**Input material**
..............................

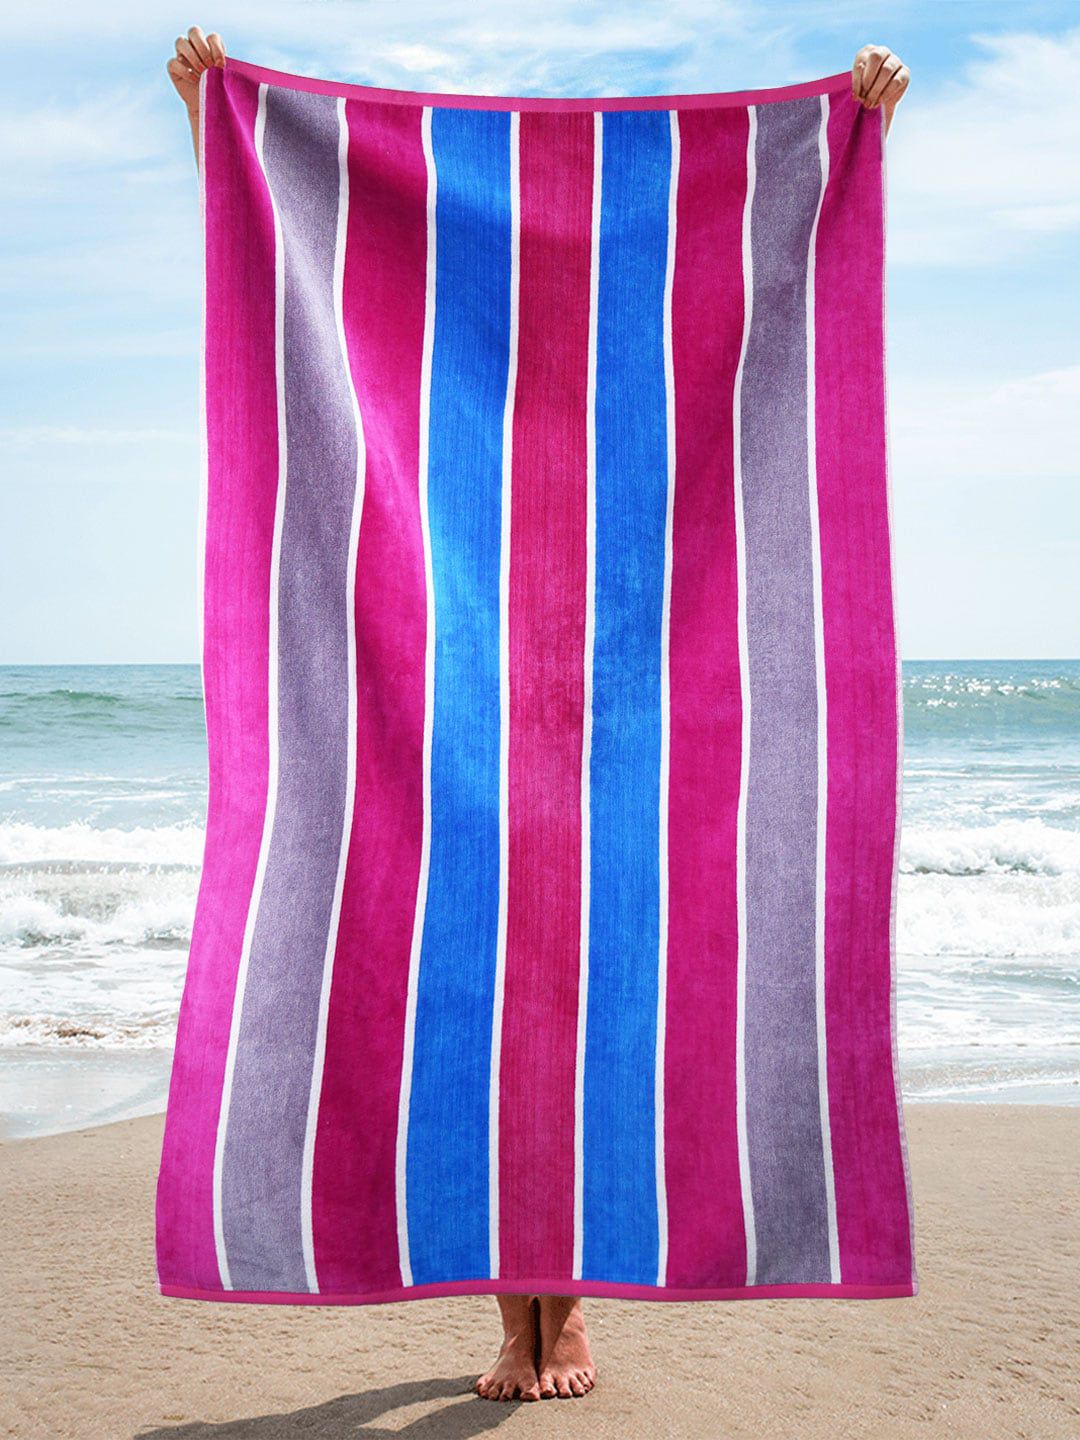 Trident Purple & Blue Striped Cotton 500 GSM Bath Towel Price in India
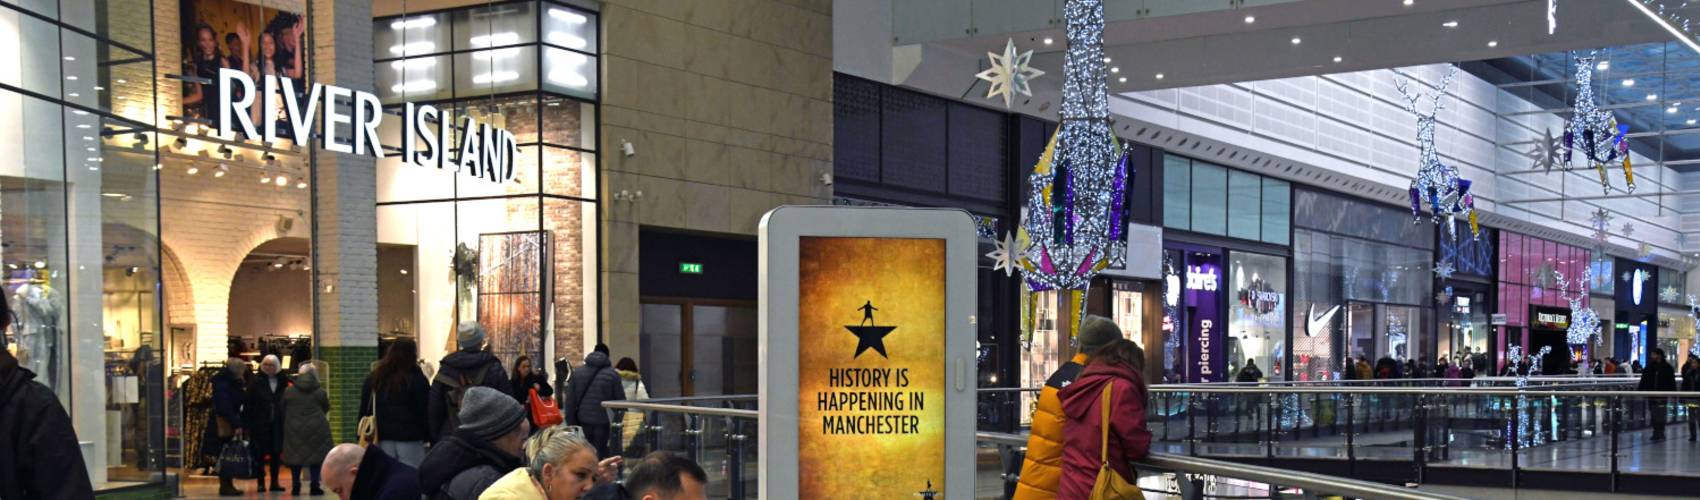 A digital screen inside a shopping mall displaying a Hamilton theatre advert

..............................

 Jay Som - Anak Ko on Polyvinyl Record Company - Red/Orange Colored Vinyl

..............................

**Task details**
Above are the records; restate exactly the lines from the one containing "Trident Purple &" through the one containing "A digital screen", keeping pictures out.

**Task solution**
 Trident Purple & Blue Striped Cotton 500 GSM Bath Towel Price in India
 A digital screen inside a shopping mall displaying a Hamilton theatre advert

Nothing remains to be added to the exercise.